Il 30 luglio 1942 morì: per un paio di giorni una folla ininterrotta passò al convento dei Cappuccini per rendere omaggio alla salma del confessore, già santo per molte persone. Beatificato nel 1976 da Paolo VI, Giovanni Paolo II lo ha canonizzato nel 1983.

La voce della Misericordia

Ecco alcune frasi del Santo sul tema della Misericordia:

Mi perdoni padre, mi perdoni se mi permetto… ma vede, noi, nel confessionale, non dobbiamo fare sfoggio di cultura, non dobbiamo parlare di cose superiori alla capacità delle singole anime, né dobbiamo dilungarci in spiegazioni, altrimenti, con la nostra imprudenza, roviniamo quello che il Signore va in esse operando. È Dio, Dio solo che opera nelle anime! Noi dobbiamo scomparire, limitarci ad aiutare questo divino intervento nelle misteriose vie della loro salvezza e santificazione.

L’amore di Gesù è un fuoco che viene alimentato con la legna del sacrificio e l’amore della croce; se non viene nutrito così, si spegne.

Ringraziamo Dio e domandiamogli perdono, perché si è degnato di permettere che la nostra miseria venisse a contatto con i tesori della Sua Grazia.

Quando il Padrone Iddio ci tira per la briglia, direttamente o indirettamente, lo fa sempre da Padre, con infinita bontà. Cerchiamo di comprendere questa mano paterna che con infinito amore si degna di prendersi cura di noi.

Quando confesso e dò consigli sento tutto il peso del mio ministero e non posso tradire la mia coscienza. Come sacerdote ministro di Dio, quando ho la stola sulle spalle non ho paura di nessuno. Prima e sopratutto la verità.

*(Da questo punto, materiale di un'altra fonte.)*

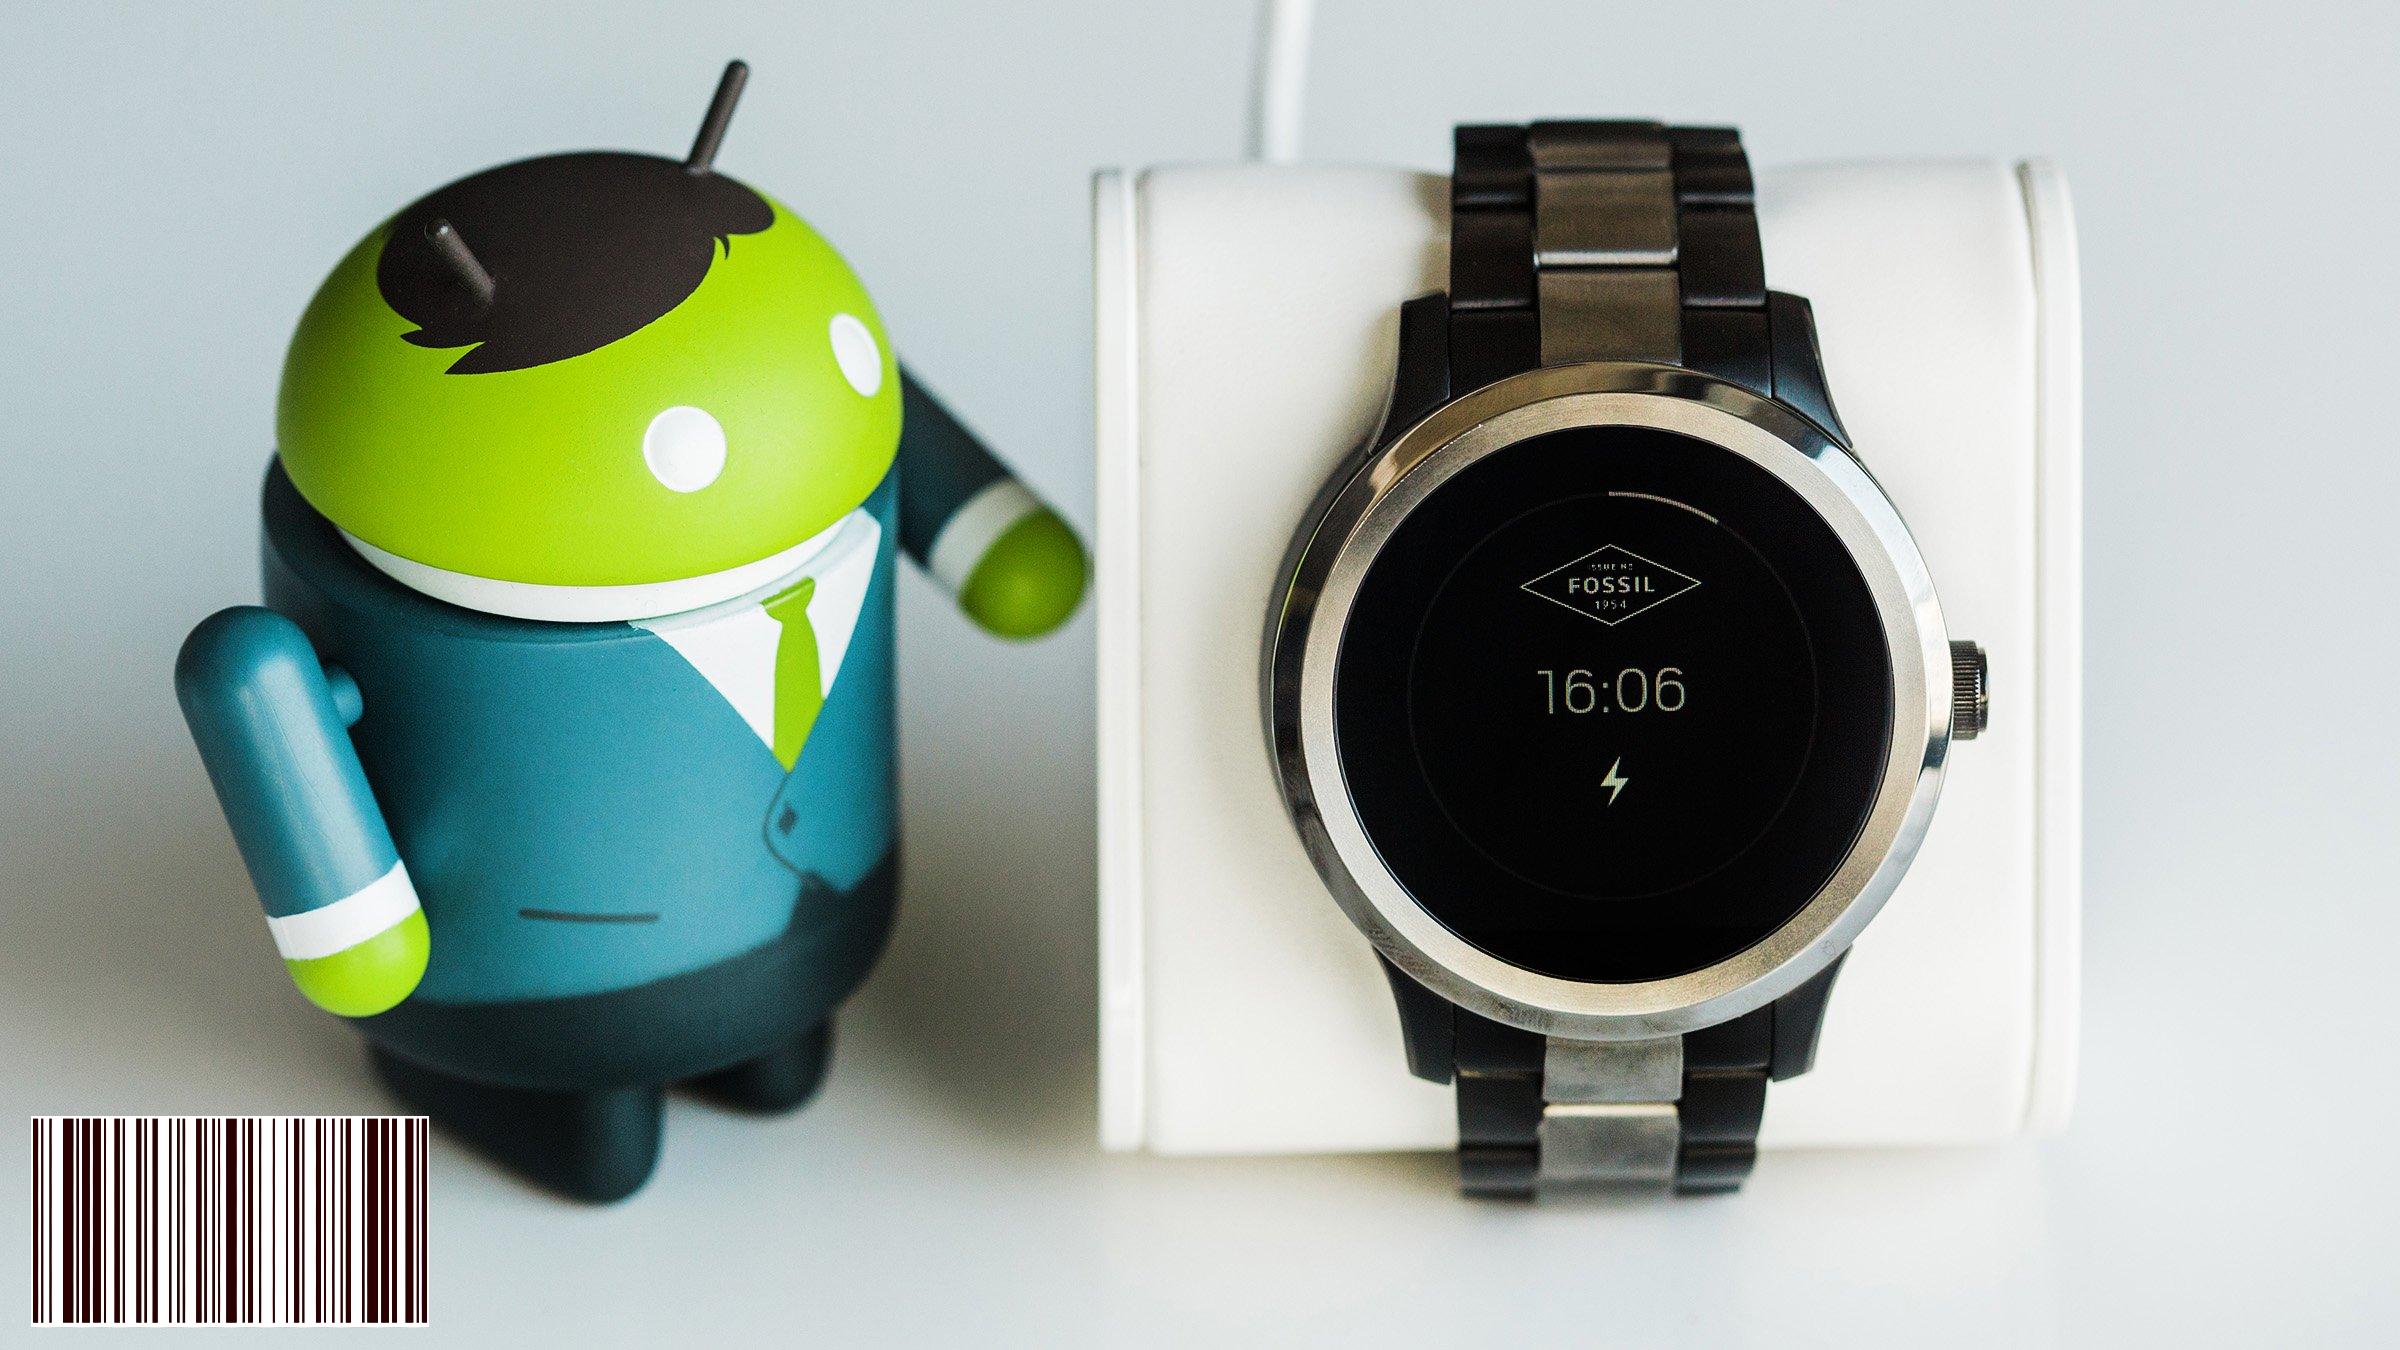 هذه هي الساعات الذكية التي ستتلقى Android Wear 2.0
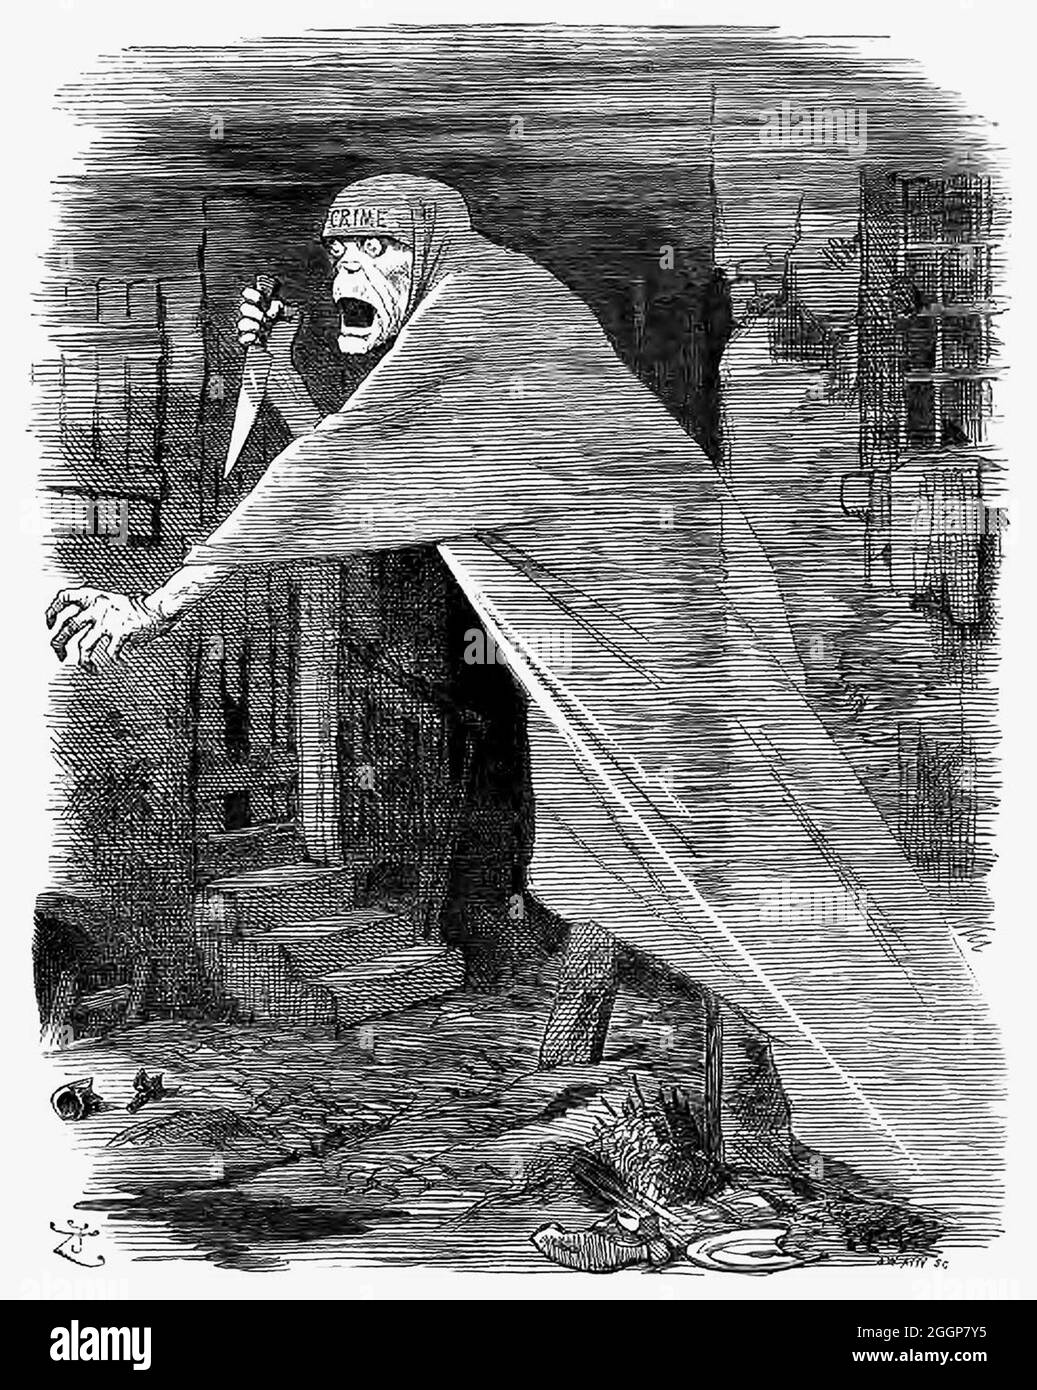 Un fumetto satirico della rivista Punch che mostra il fantasma di Jack lo Squartatore che si snodano nel quartiere Whitechapel di Londra, simboleggiando il 'crimine malvente--la nemesi della negligenza', i.. Foto Stock

Non è il caso di fare penitenze straordinarie. Basta che sopportiamo con pazienza le tribolazioni ordinarie della nostra misera vita: le incomprensioni, le ingratitudini, le umiliazioni, le sofferenze occasionate dai cambiamenti di stagione e dell’atmosfera in cui viviamo.

La Misericordia di Dio è superiore a ogni aspettativa.

Io mi meraviglio tutti i momenti di come l’uomo possa mettere a repentaglio la salvezza dell’anima sua per motivi assolutamente futili e labili.